Embryoid stages in evolutionary scenarios

According to the most recent phylogenies (e.g. [45],[46]), longer body with a higher number of segments is a derived character within Myriapoda, expressed by both the Geophilomorpha within Chilopoda and the Helminthomorpha (which includes several kind of ‘long’ millepedes, like Platydesmidae and Julidae) within Diplopoda. As myriapods are sequentially segmenting arthropods, an increase in the number of segments implies an extension of the segmentation time. This is achieved in Helminthomorpha by extending, in some species indefinitely, the post-embryonic addition of segments that was probably typical of the myriapod ancestor, and by the Geophilomorpha by protracting, and possibly accelerating, the embryonic phase of segment addition.

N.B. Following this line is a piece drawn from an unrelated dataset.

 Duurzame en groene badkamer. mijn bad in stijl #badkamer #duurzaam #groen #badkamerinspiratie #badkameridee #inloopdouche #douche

The delaying of complex organogenesis and further development of the body to early post-embryonic stages (embryoid stages) might have been a necessary consequence of this exploitation of the segmentation patterning machinery during embryonic time. In this sense, I think that Strigamia embryoids, brooded by the mother for a considerable time, could be considered nothing more than an ‘extended embryonic phase’. Although probably the results of different evolutionary pressures, a newborn embryoid-like, i.e. not free-living and not fully developed, as are Strigamia embryoids, is actually present in many arthropod clades, and is indeed common to many myriapods, where one or two such stages are found and are called pupoid in Diplopoda and Pauropoda, and prelarva in Symphyla (see [5],[11] for a detailed general comparative discussion).

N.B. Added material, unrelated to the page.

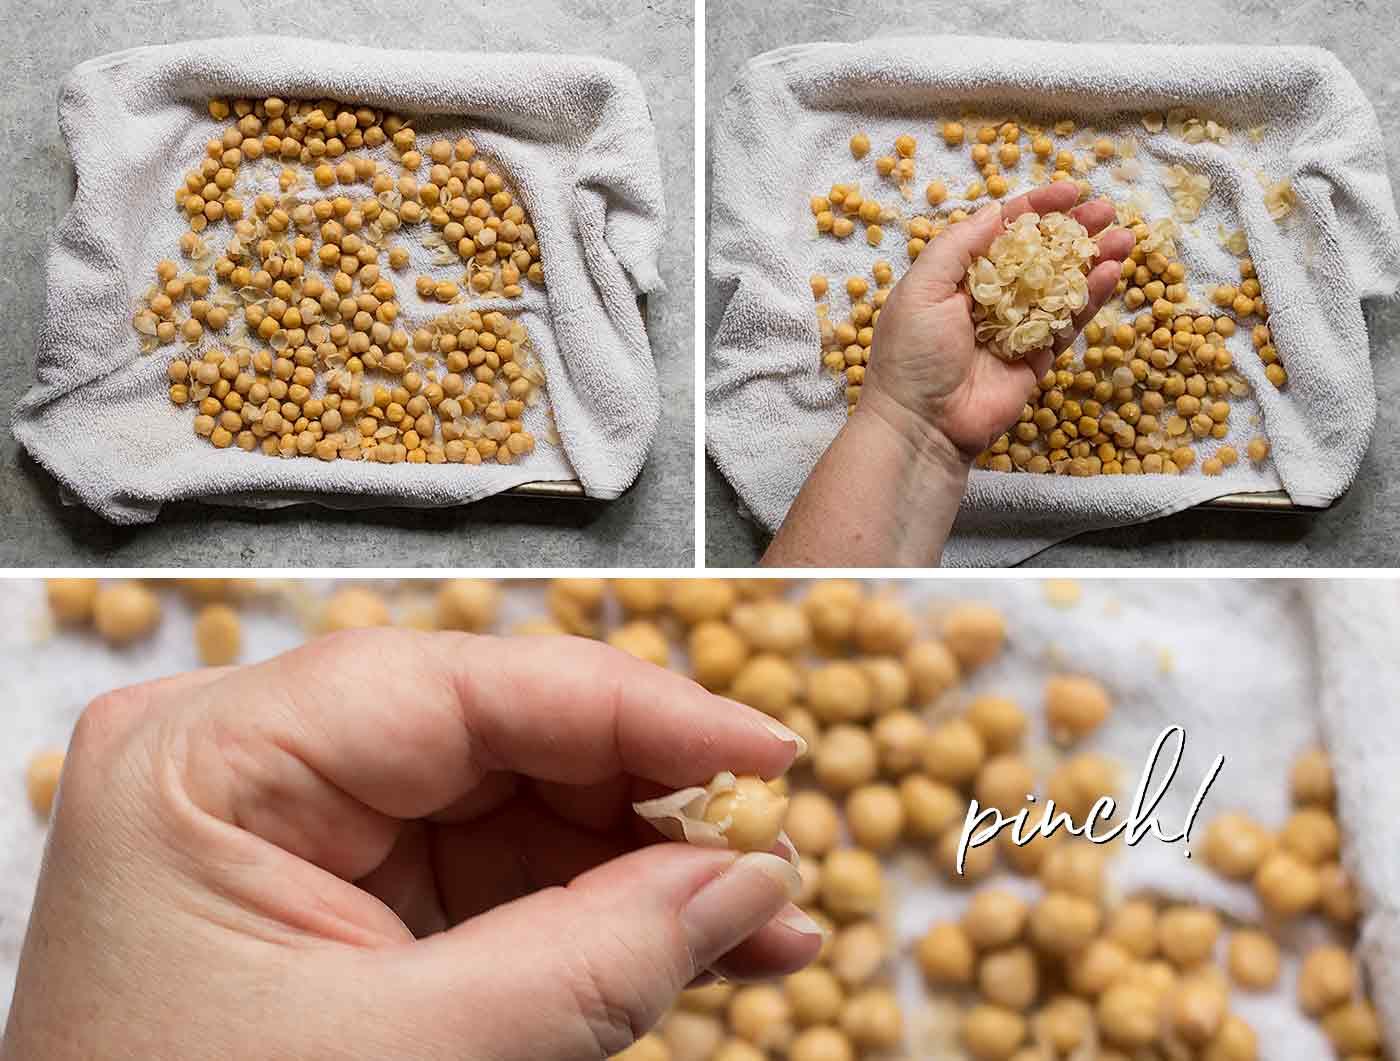 How to peel chickpeas

This is arguably a case of heterochrony. Indeed, in Strigamia, as the embryonic development seems to have extended across the post-embryonic divide, on the contrary it would seem that some moulting cycles possibly link to more ancestral post-embryonic development than might have been anticipated, and then condensed. This could provide a possible explanation for the frequent moults of Strigamia embryoid instars (but see also Discussion below), so closely packed that the second and third moults happen almost simultaneously. This is not a unique case, and indeed the simultaneous shedding of multiple cuticles (associated with ‘virtual stages’) has been observed, for example, in some leiodid beetles and some phorid flies, insects with extremely abbreviated development (see [11]), a clear situation of ‘condensation’ of more ancestral stages.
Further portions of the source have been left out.